Weckruf in der Halbzeit

von Thorsten Cöhring am 28. November 2014

Mit dem 2:2 (0:1) beim FC Villarreal am 5. Gruppenspieltag der Europa League hat sich Borussia Mönchengladbach die Chance erhalten, als Gruppensieger ins Sechzehntelfinale einzuziehen. Dazu ist im abschließenden Heimspiel gegen den FC Zürich ein Sieg notwendig.

Vor 16.000 Zuschauern im kleinen Stadion “El Madrigal” knüpfte unsere Mannschaft, erneut ohne Stranzl und Kramer, in der ersten Halbzeit nahtlos dort an, wo sie gegen Dortmund und Frankfurt aufgehört hatte. Kein Biss, keine Emotion und keine Spielfreude. Ein Spiel vom Typus “Kaninchen vor der Schlange” – bloß nicht bewegen und am Ende doch gefressen werden.

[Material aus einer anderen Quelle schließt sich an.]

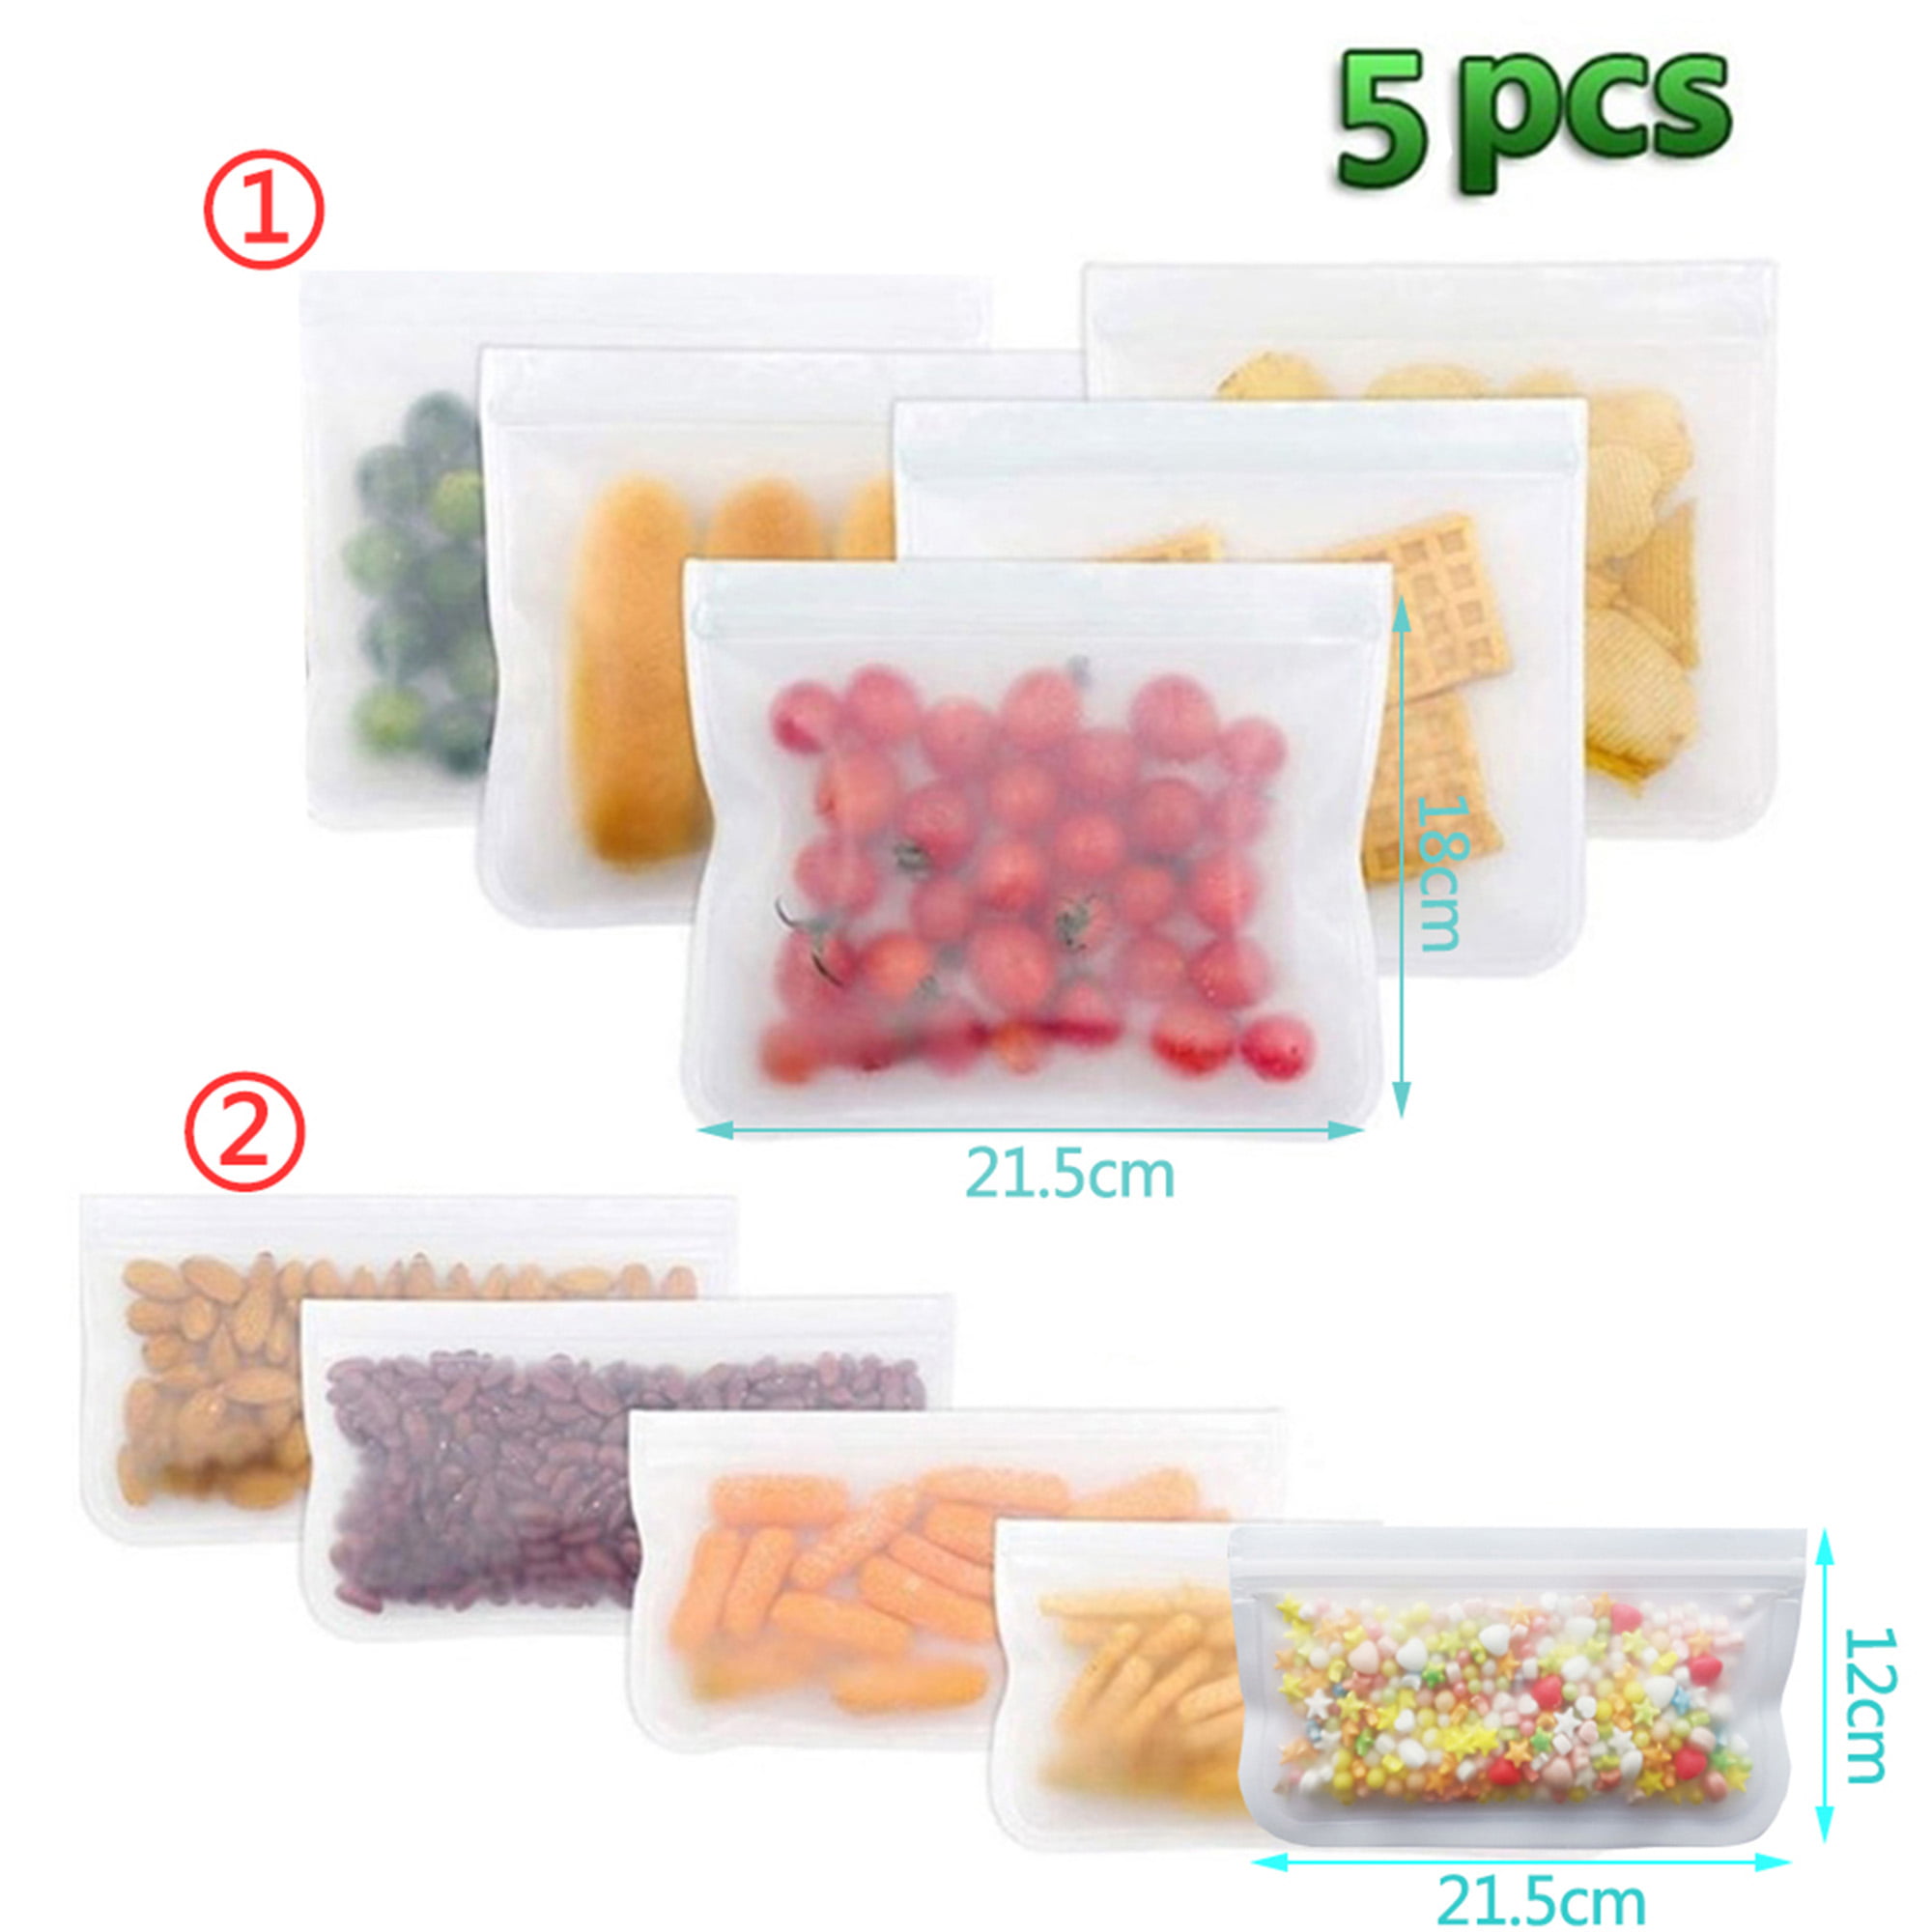 Food Storage Bags Details about   Korlon 12 Pack Reusable Silicone Bags 5 Sandwich Bags, 5 Sna

Der aktuelle Tabellen-Achte der spanischen Liga war uns in den ersten 45 Minuten klar überlegen und erspielte sich etliche gute Chancen. Die mit Abstand beste Nachricht zur Pause war, dass wir durch den Treffer von Vietto (26.) nur 0:1 zurücklagen. Unsere Offensive fand in der ersten Halbzeit überhaupt nicht statt. Wo waren Raffael, Traore, Hazard und Hrgota? Ein brutal enttäuschender Auftritt. Durch die fehlende Entlastung nach vorn und das aggressive Pressing der Gastgeber geriet unsere Defensive mehrfach so unter Druck, dass sie komplett hilflos wirkte und einen Patzer nach dem anderen produzierte. Dieser Auftritt unserer Elf gab zu den schlimmsten Befürchtungen Anlass.

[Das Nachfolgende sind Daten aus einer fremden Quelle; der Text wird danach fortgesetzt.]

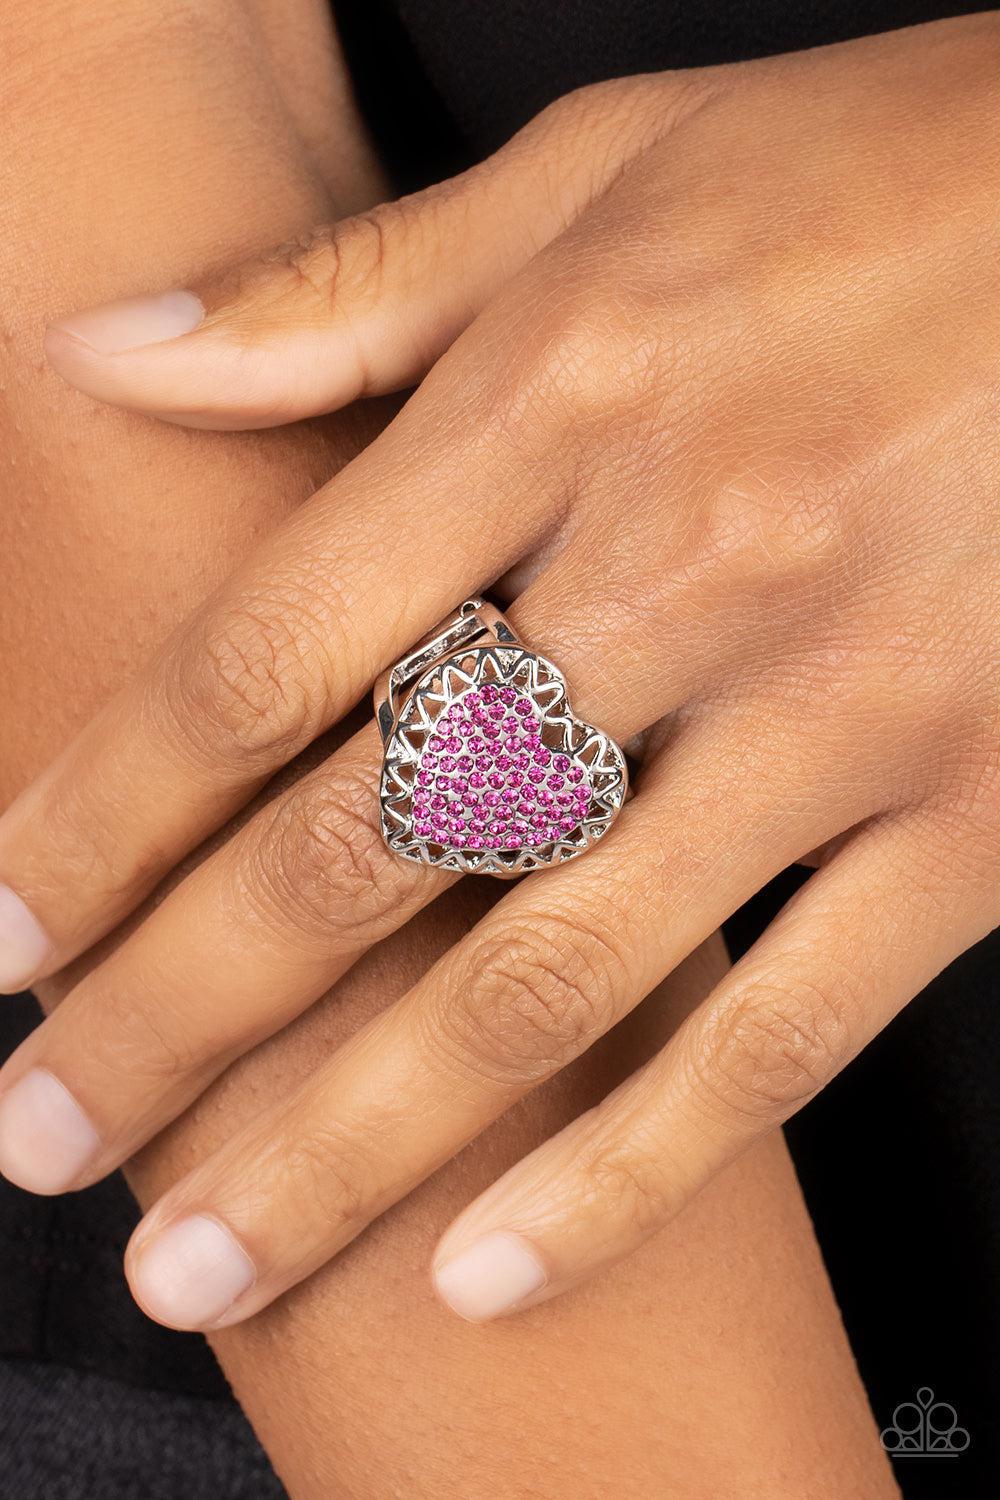 Romantic Escape Pink Rhinestone Heart Ring - Paparazzi Accessories-on model - CarasShop.com - $5 Jewelry by Cara Jewels

Irgend etwas Grundlegendes muss dann in der Halbzeitpause passiert sein. Jedenfalls kam die Fohlenelf mit einer ganz anderen Einstellung und Körpersprache aus der Kabine. Zwar lief spielerisch weiterhin nicht viel zusammen, aber immerhin waren Ehrgeiz und Willen spürbar. In den Strafraum von Villarreal kamen wir selten, aber immerhin gelegentlich in die Nähe des Tores.

So hatte Raffael in der 55. Minute die bis dahin beste Idee des Tages: Einfach mal aus der Distanz draufhalten! Seinen Flatterball aus 25 Metern boxte sich Keeper Asenjo in bester Slapstick-Manier in den eigenen Winkel. Die Freude über den Ausgleich währte nur ein paar Minuten, dann unterlief Korb ein folgenschwerer Patzer vor dem eigenen Tor und er servierte Tscheryschew den Ball einschussgerecht zum 1:2 (63.). Vorausgegangen war allerdings eine klare Abseitsposition des Flankengebers.

In der 67. Minute schnappte sich der verbesserte Granit Xhaka den Ball zum Freistoß. Aus 22 Metern jagte er die Kugel unter die Latte ins Tordreieck. 2:2 – was für ein Hammer! Es ist wirklich zum Heulen, dass er das nicht häufiger probiert. Mit dem ersten und einzigen nennenswerten Kombinationsangriff hätten wir fast noch gewonnen: Herrmanns abgefälschter Flachschuss (82.), nach Steilpass von Raffael, knallte an den Pfosten. Schade, dass unser Team in der Schlussphase nicht risikoreicher auf Sieg spielte, denn mit dem dritten Treffer wäre der Gruppensieg vorzeitig unter Dach und Fach gewesen. Ob Unentschieden oder Niederlage hätte an der Ausgangslage nicht großartig etwas verändert.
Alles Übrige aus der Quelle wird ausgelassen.